OAKLAND — Two former residents were held to answer on 36 counts each of involuntary manslaughter for their alleged involvement in the deadly Ghost Ship warehouse fire a year ago, a judge said Thursday.
Alameda County Superior Court Judge Jeffrey Horner’s ruling means the case against Derick Almena and Max Harris will go to trial.
Earlier, in an emotional moment in an Oakland courtroom on Thursday, prosecutor David Lim read out the names of the 36 victims of the on Dec. 2, 2016, Ghost Ship fire as family and friends put their arms around each other and wiped away tears. During the six-day preliminary hearing, it was the first time evidence was presented.

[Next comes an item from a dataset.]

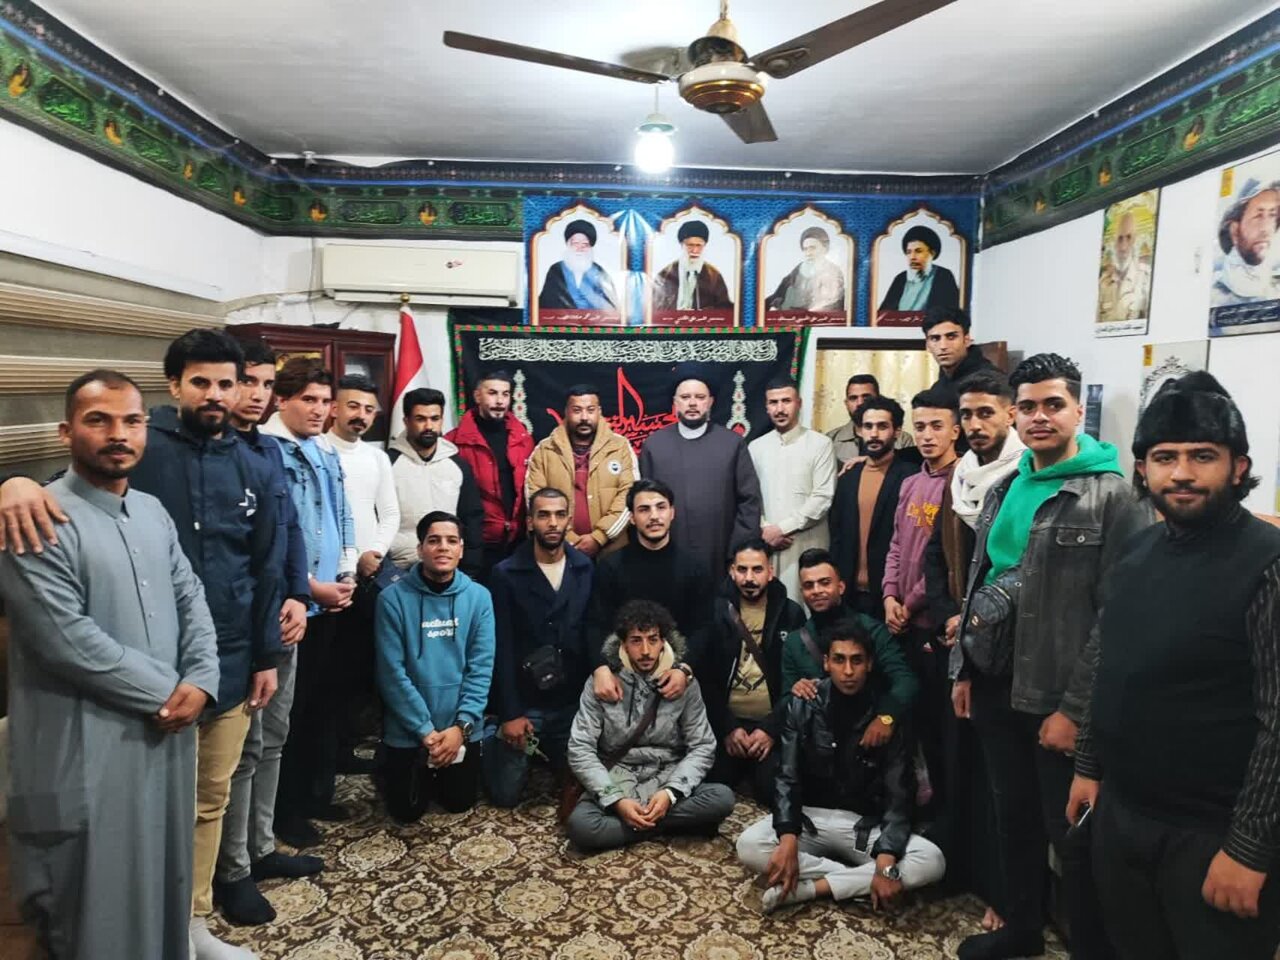 اردوهای علمی- زیارتی دانشجویان عراقی در ایران برگزار شد

Harris’ attorney Curtis Briggs said outside the courtroom Thursday afternoon that the hearing so far has been “an indictment on the city of Oakland,” and that the landlord is to be blamed, not his client.
During his closing argument Thursday, Almena’s attorney Tony Serra vigorously pushed back against blame. “How can they say my client is negligent when they don’t even know how the fire started?” Serra said.
“The city sitting on its hands was far more culpable than my client.”
Prosecutor Autrey James argued in closing statements that both Almena and Harris were criminally negligent. He said Almena, on his own, changed the use of the building, allowing upwards of 25 people to live in a space that was legally only supposed to be a warehouse. Almena changed the space, including building a staircase, cutting a large hole in the second floor, all without proper permits, he said.
Harris was the self-titled “Executive Director” of the warehouse, took rent from other residents, and even helped resolve duties.
“Almena and Harris, their conduct was those of management,” James said. He said they had a duty to those tenants they managed.
“Did they fail in their duty to protect? Absolutely,” James said.
Tyler Smith, another attorney for Max Harris went through several allegations by the prosecution, and one by one dismissed them or said there wasn’t any evidence against his client.
But Judge Horner called out that during testimony, witnesses called the Ghost Ship warehouse a “death trap.”
“Both defendants had an integral and substantial role at the premises which was described as a ‘death trap,'” the judge said.
He found sufficient cause that both men be held responsible for what happened that night, which he called “an unspeakable tragedy.”
Testimony from Oakland Fire Marshal Miguel Trujillo on Thursday morning revealed that the building at 1305 31st Ave., commonly referred to as Satya Yuga or the Ghost Ship, had not been formally inspected since it was built in 1930.
An alleged one-page document that fire Capt. George Freelen testified to filing out in September 2014, after visiting the warehouse when he was a lieutenant with the department, cannot be found.
Serra said outside the courtroom that the local firefighters at the nearby Station 13 on Derby Avenue were “friendly” with his client, and they “wanted to look the other way,” he said.
Almena and Nicholas “Nico” Bouchard signed a lease agreement with the building owners, the Ng family in 2013 for the warehouse space, outlining in the lease that the use of the warehouse would be an art collective “to build and create theatrical sets and offer workshops for community outreach.”
In a cross-examination of Trujillo by Serra, Trujillo agreed that if the owners rented the space as an art collective, without getting city permission for a change in use, that it would be a violation of the city code.
During Thursday’s hearing, Lim read out the names of the 36 victims as part of a stipulation, or agreed upon statement by all attorneys, that the 36 people all died of smoke inhalation around 11:25 p.m. the night of Dec. 2, 2016.
During the somber moment, the mother of Michela Gregory, 20, cried, a friend put her arm around her as her daughter’s name, and the name of her daughter’s boyfriend, Alex Vega, 22, were read aloud. The Gregorys have been present every day of the preliminary hearing.
Briggs also placed an arm on the back of his client, Harris, whose supporters also quietly cried, their sniffles audible as Lim read the names.
An earlier hearing to reduce Harris’ bail from the current $750,000 each, was denied by the judge, despite his friend Elissa Roy stating that Harris could live with her. Roy quietly sobbed outside the courtroom Thursday after the judge’s ruling that her friend would be held on all his charges.
Both Almena and Harris will next appear in court in January.